Despite my cinephilia, I'm ultimately more of a literature guy, and part of the reason is, that although economics can dictate what films come into existence, it cannot dictate what books come into existence. A non-commercial book may have a harder time getting published (although nowadays, there are more options for that), but publication is only a final step; the text already exists. All it needed to be born was the author's time, energy, and imagination. With a pencil and scraps of paper, an inmate in a concentration camp can create literature. It is an incredibly open and egalitarian process.

In spite of the losses to film-making that you accurately describe, Robert, there are some potential benefits in DIY cinema, although I think that by and large we haven't begun to see those benefits yet. To the extent that making a film becomes more like writing a book ("le camero-stylo," the camera as pen), that could have liberating effects.

Since I have just enough economics to be dangerous, let me say what I think is happening. The malaise at Cannes is indeed related to the passing of an era. What is ending is the use of a highly expensive apparatus of film-making to create works that are essentially non-commercial. The financial returns are increasingly just not worth it to anyone. Soon, the notion of a major studio release that has any intent other than that of raking in the dollars will be laughable. Name actors will not make less on indie films; they'll make nothing.

You describe a cheapening of the product, Robert, and in terms of production values (including, unfortunately, the quality of the visual image), you are right.
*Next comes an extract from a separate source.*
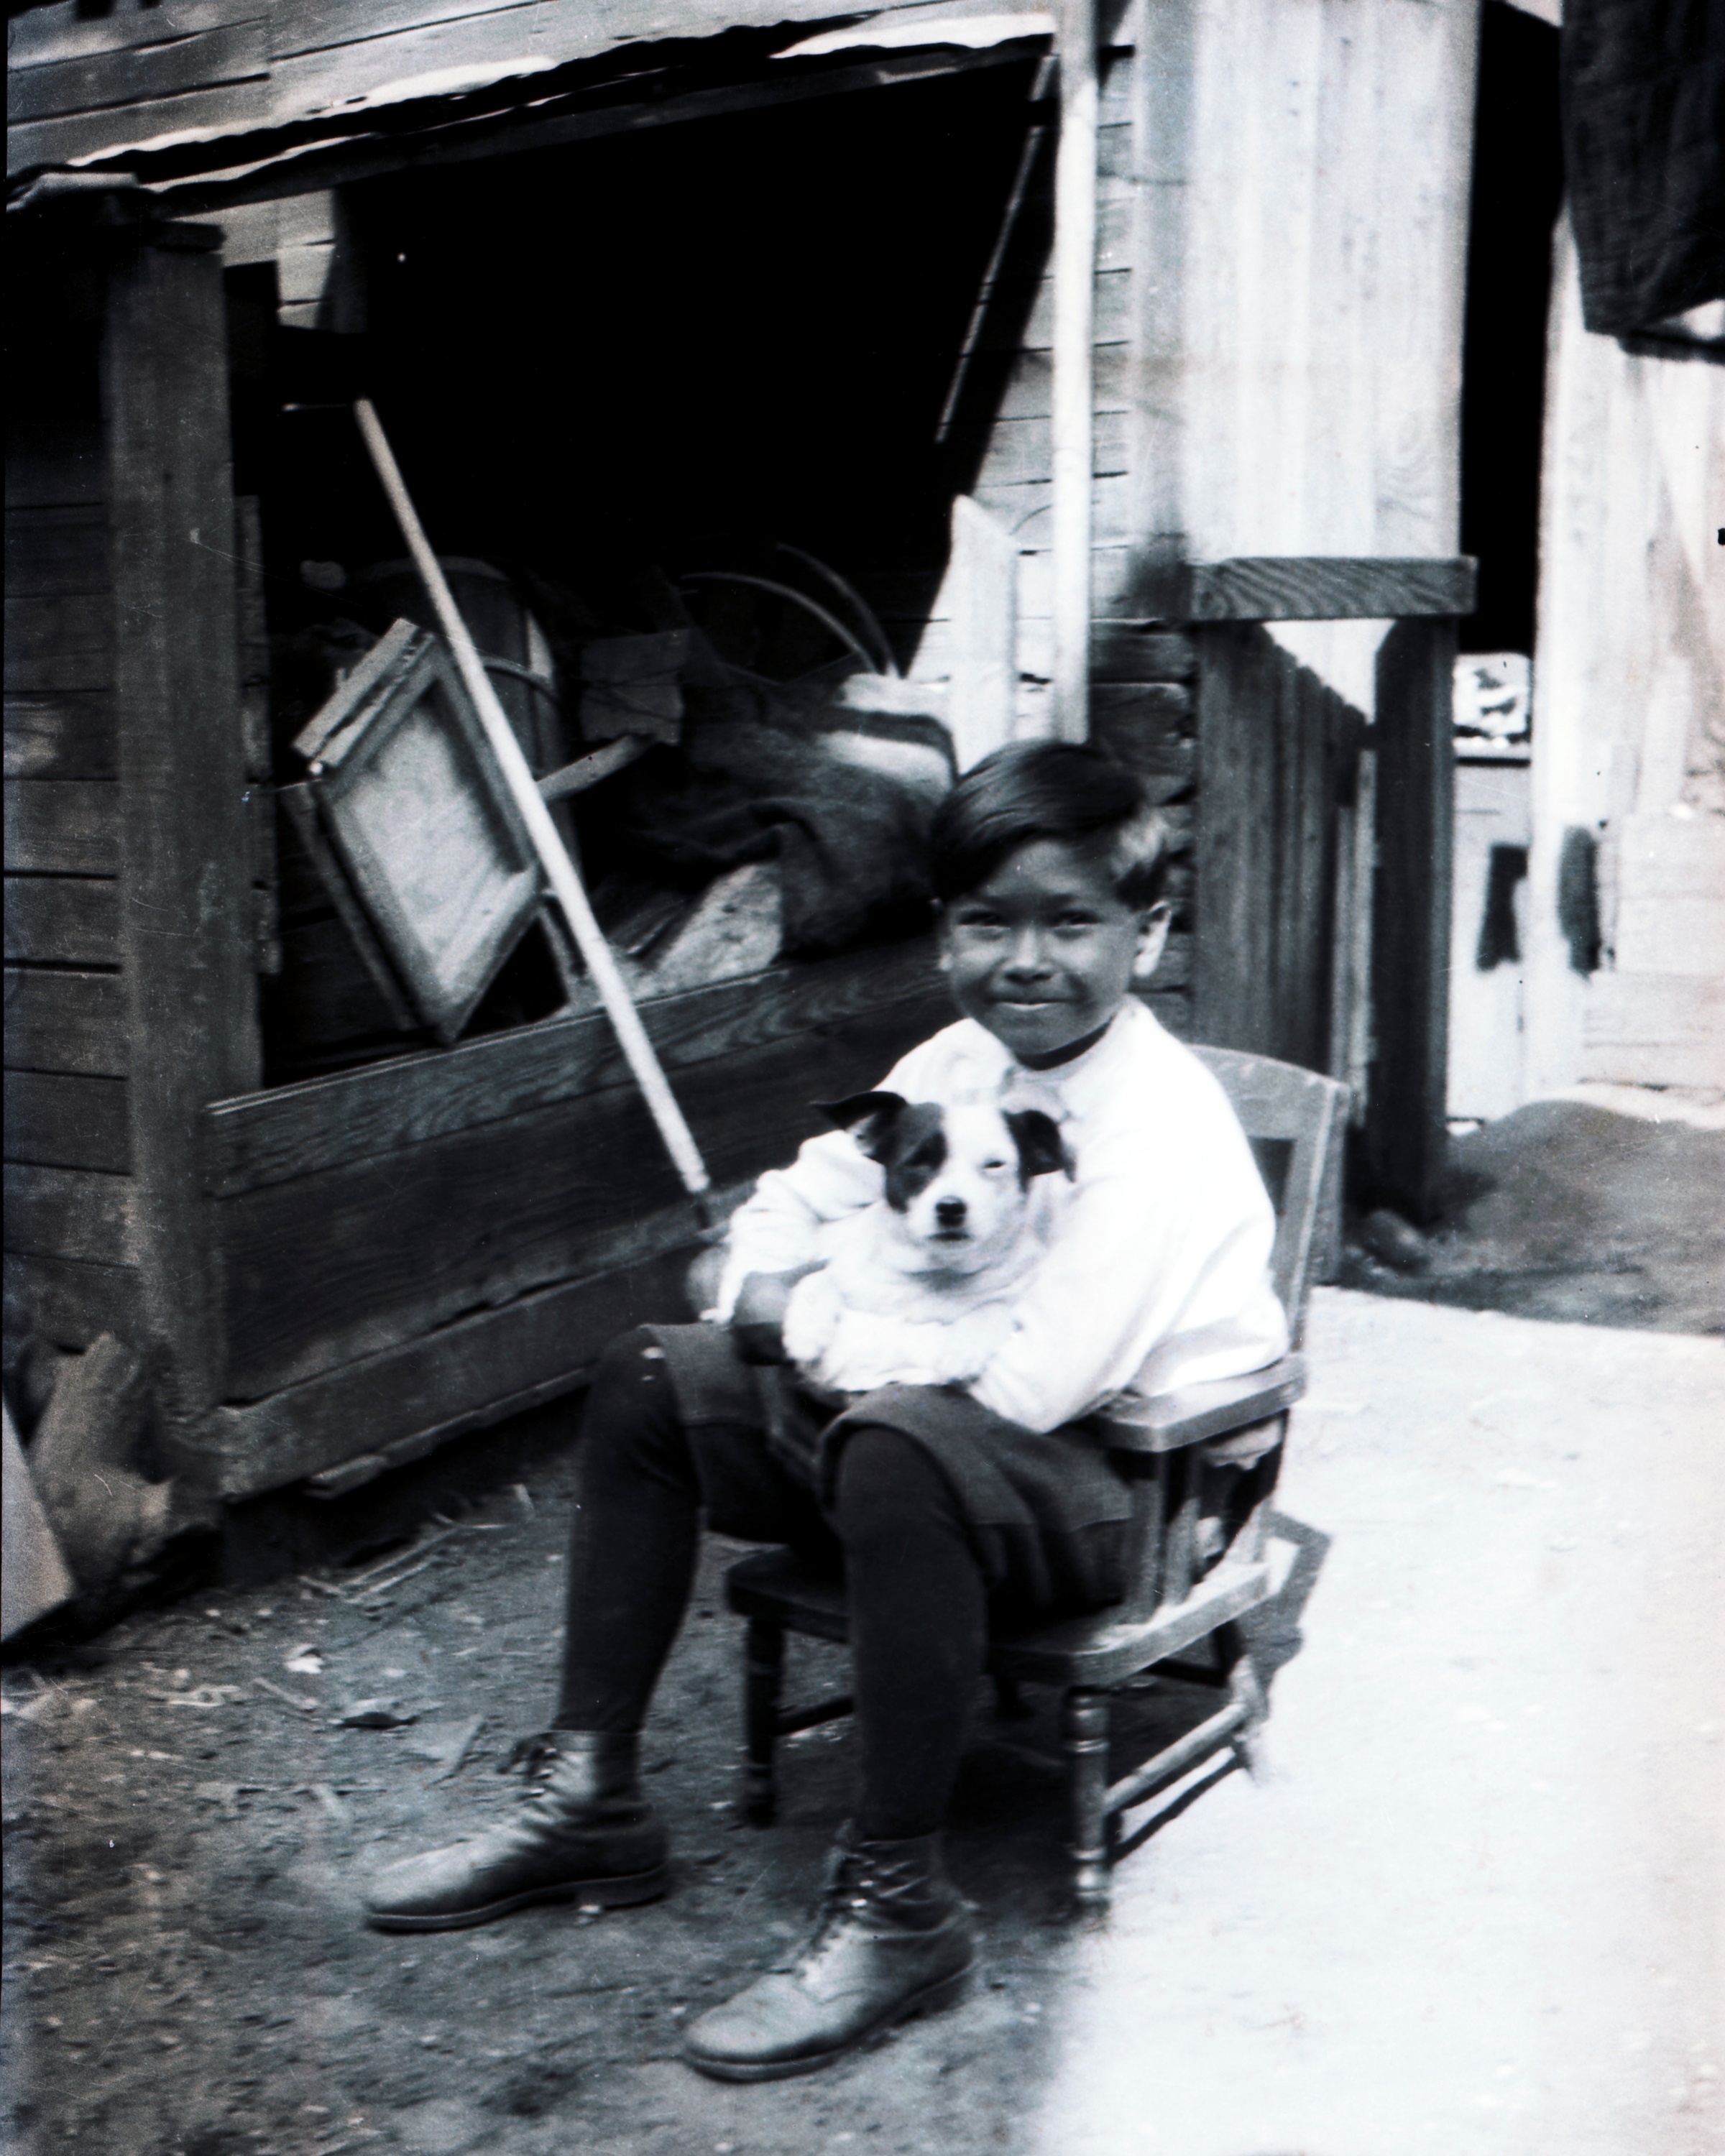 Me and Tricky, sitting in "the chair" that Charley liked to tell about, in the walled courtyard behind our laundry.

Again, big difference from literature, where the "production values" of War and Peace or Les Miserables or Little Dorrit, which would be (and have been) astronomical to put on the screen, are entirely in Tolstoy's and Hugo's and Dickens's words. It is nice that, for a few decades, considerable money could be spent on cinematic visions of greater artistic than commercial appeal; but that was for a moment only, in the larger scheme of things, and it is over.

One of the mythologies of Cannes is that it is where art and commerce meet, but as the years roll forward, art and commerce will barely be on speaking terms, and that myth will fade. It's not just affecting film: symphony orchestras and opera companies, which I dearly belove, will go out of business for exactly the same reason -- a huge expensive apparatus requirement for a style of discourse that truly appeals to less than one-tenth of one percent of the general population.

On a more optimistic note, I do believe that true art will go on. It always has. But it will re-jigger in surprising ways. The future lies almost entirely with Manny Farber's "termite art," of great imagination and modest means.